“We have no claim to any of our possessions. We have no claim to exist; and, as we have to die in the end, so we must resign ourselves to die piecemeal, which really happens when we lose somebody or something that was closely intertwined with our existence. It is like a physical wound; we may survive, but maimed and broken in that direction; dead there. Not that we can, or ever do at heart, renounce our affections. Never that.”

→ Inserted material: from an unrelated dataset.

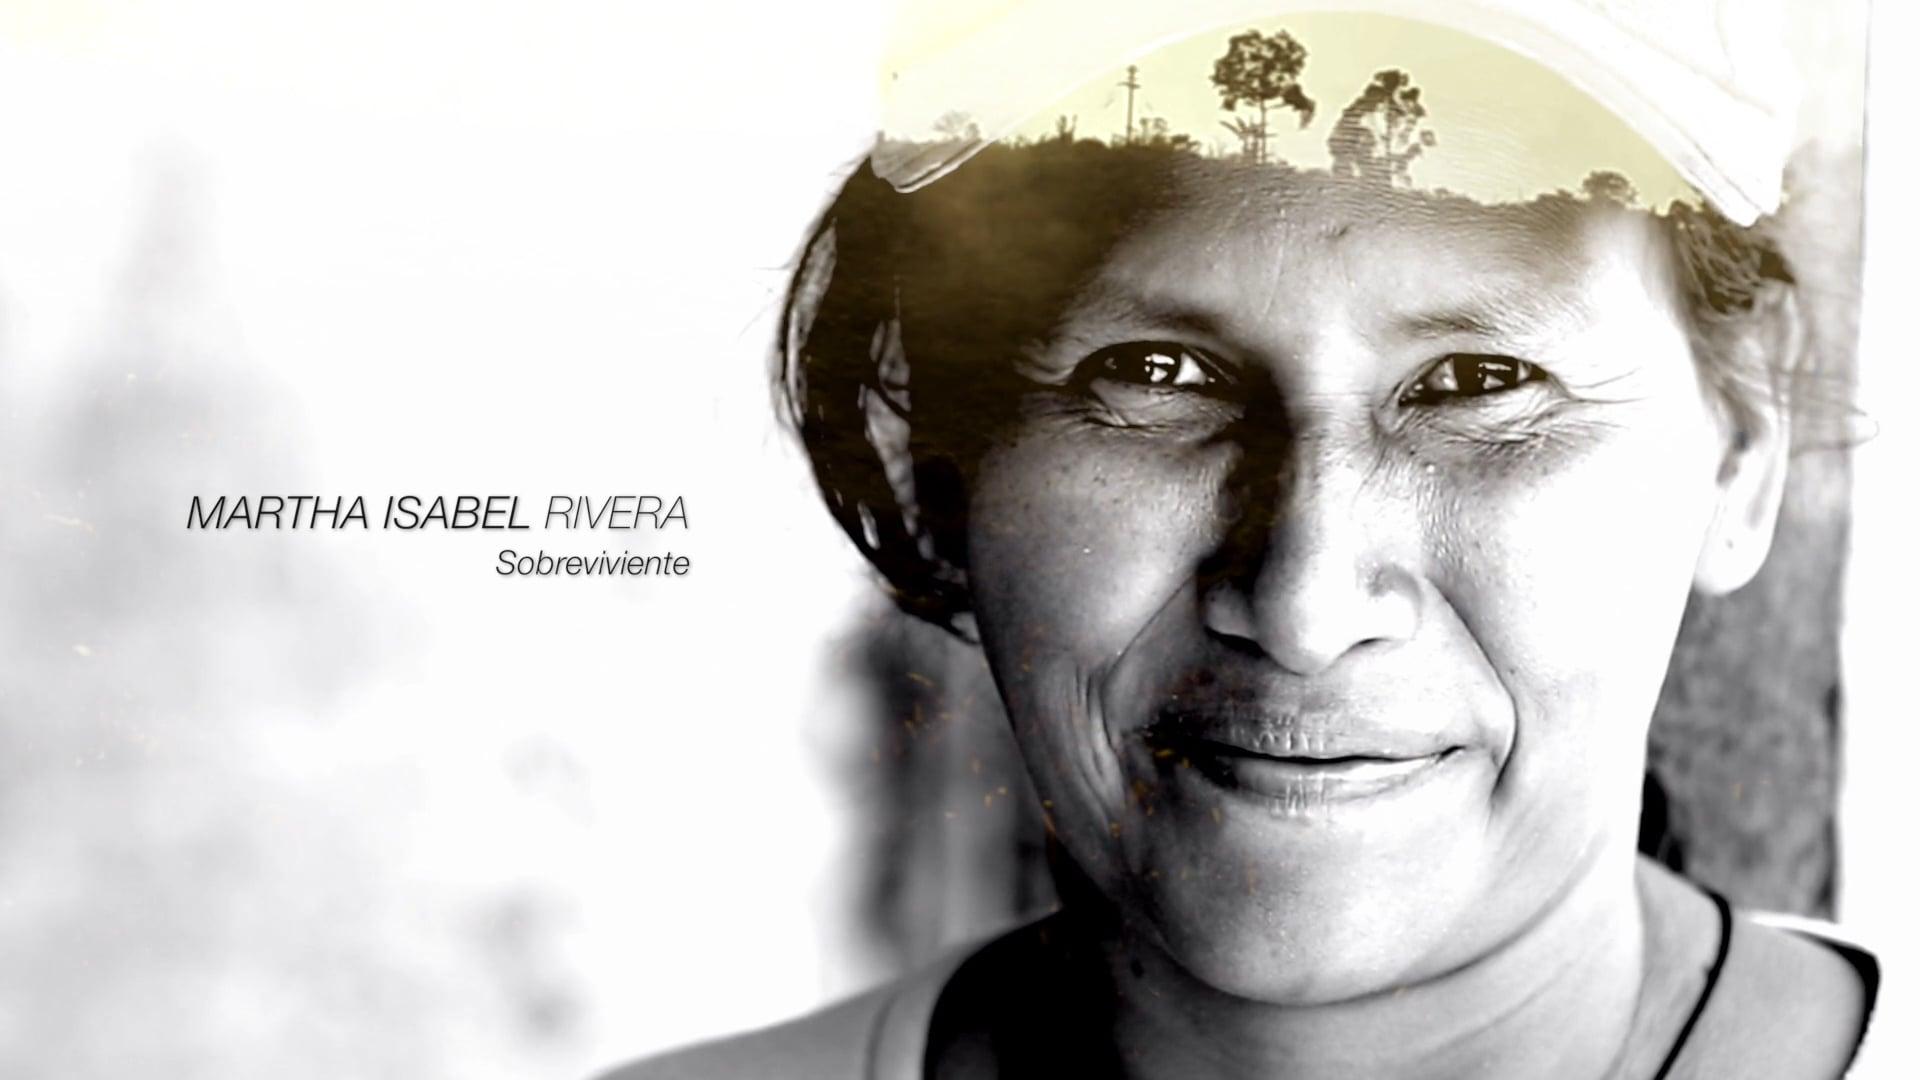 Documentary Vereda Esperanza - Humanity and inclusion

In her biography, Iris Origo: Marchesa of Val d’Orcia (2002), Caroline Moorehead reports Origo (1902-1988) seldom spoke of Gianni in the years immediately after his death, “but as she grew older, so she talked about him more and more, and towards the end of her life was apt to describe his short life and death to virtual strangers.” Santayana, a lifelong bachelor without children, the most temperamentally detached of men, writes later in the same letter:
“All our affections, when clear and pure and not claims to possession, transport us to another world; and the loss of contact, here or there, with those eternal beings is merely like closing a book which we keep at hand for another occasion. We know that book by heart. Its verses give life to life. I don’t mean that these abstract considerations ought to console us. Why wish to be consoled? On the contrary, I wish to mourn perpetually the absence of what I love or might love. Isn’t that what religious people call the love of God?”
Moorehead tells us Origio often repeated Santayana’s words to her friends: “Why wish to be consoled?”
After Gianni’s death, Origo became a writer. In 1935 she published Allegra, a short life of Byron’s daughter, and the excellent Leopardi: A Study in Solitude. All of her books are worth searching out, especially War in Val d'Orcia (1947), her diary of civilized life under Italian fascism, and Images and Shadows (1970).